Из книг Дюрер узнал, что Альберти, желая постичь секрет красоты античных построек, занимался в Риме их измерениями. Но ведь постигнуть законы красоты, измеряя прекрасные и совершенные творения древних, это и был, по мысли Дюрера, ключ к успеху!

Итальянские трактаты по искусству настойчиво говорили о близости живописи к науке. Итальянские художники были убеждены, что живопись должна опираться на арифметику и геометрию, на науки о числах, линиях, плоскостях и телах. Дюрер надолго решил, что секрет прекрасного всецело в руках науки. Желание «поверить алгеброй гармонию» овладело им. Многое в своем человеческом темпераменте, в своей художнической сущности стал он подчинять этой мысли, ломая себя и мучая, порой даже насилуя свой гений. Он верил — только наука позволит художнику достичь прекрасного, возвысит его над случайностью и несовершенством видимого мира. Поиски Абсолюта красоты надолго захватили Дюрера. То, чему он научился в молодости у живописцев и граверов, теперь казалось ему до обидного недостаточным. Это был, как он пренебрежительно скажет впоследствии, всего лишь «обычай» — свод приемов и правил ремесла. А он стремился к высокому искусству. Он был уверен, что у искусства есть законы, которые неизмеримо выше обычая, законы, которые можно познать разумом, выразить в словах и числах. Он упорно размышлял не только над секретами пропорций, но и над секретами перспективы.

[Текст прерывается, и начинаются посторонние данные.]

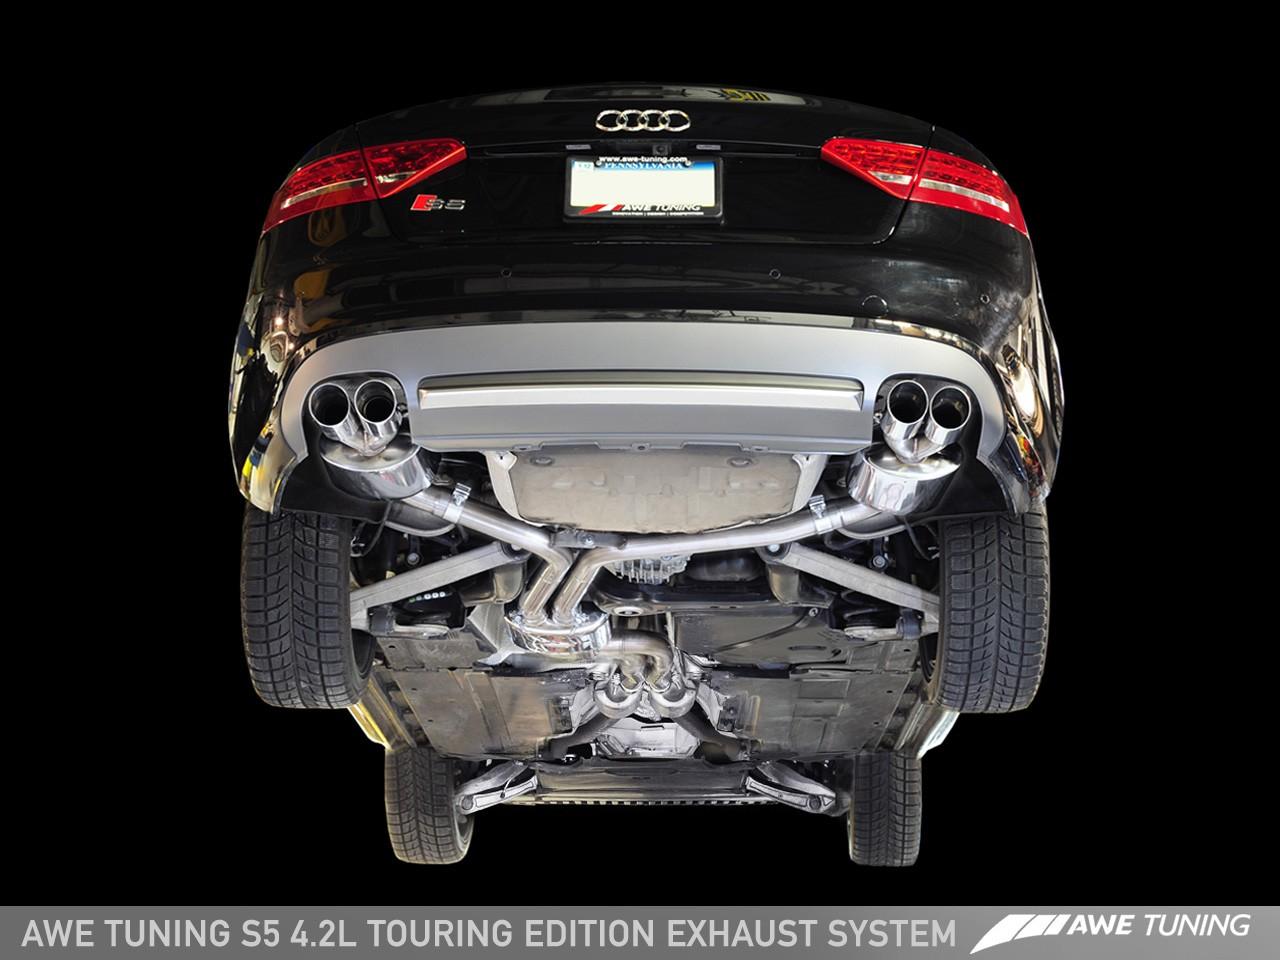 Audi S5 Engine Diagram - A Wiring Diagram For 2005 Hyundai Santa Fe -  maxoncb.yenpancane.jeanjaures37.fr   2015 Audi S5 Engine Diagram      Wiring Diagram Resource

Картины итальянцев показали ему, что те умеют передавать глубину пространства, как это и не снилось немецким художникам. Вернувшись на родину, он много думал об этом. Он знал, что правила перспективы итальянские мастера считали величайшим откровением, придавая им почти магическое значение. Неутомимо, упорно, отчаянно искал Дюрер ключ к этой тайне. К ее открытию он шел ощупью. Наконец, однажды он понял: если показать, что линии, которые в пространстве идут параллельно, сходятся на картине в одной точке, тогда возникает ощущение глубины. Это был день великого ликования! Мы привыкли к тому, что художники разных времен, стран и школ строят свои картины по разным правилам перспективы, что ощущение глубины и протяженности пространства достигается отнюдь не только центральной перспективой, которая заворожила Дюрера. И все-таки попытаемся представить себе, как обрадовался Дюрер, когда впервые заставил на бумаге сойтись в одной точке все вспомогательные линии. Он набросал дом, стена которого, удаляясь, сокращается, дорогу, обочины которой вначале сближаются, а потом сливаются. Плоская поверхность листа словно по волшебству исчезла, глубина пространства стала ошеломительно зримой, показалось — в него можно войти. Линии, сходящиеся в одной точке, сотворили чудо. В этом пространстве предметы и люди размещались обозримо и просто, не оставалось сомнений, что ближе, что дальше. Все тела обретали объем.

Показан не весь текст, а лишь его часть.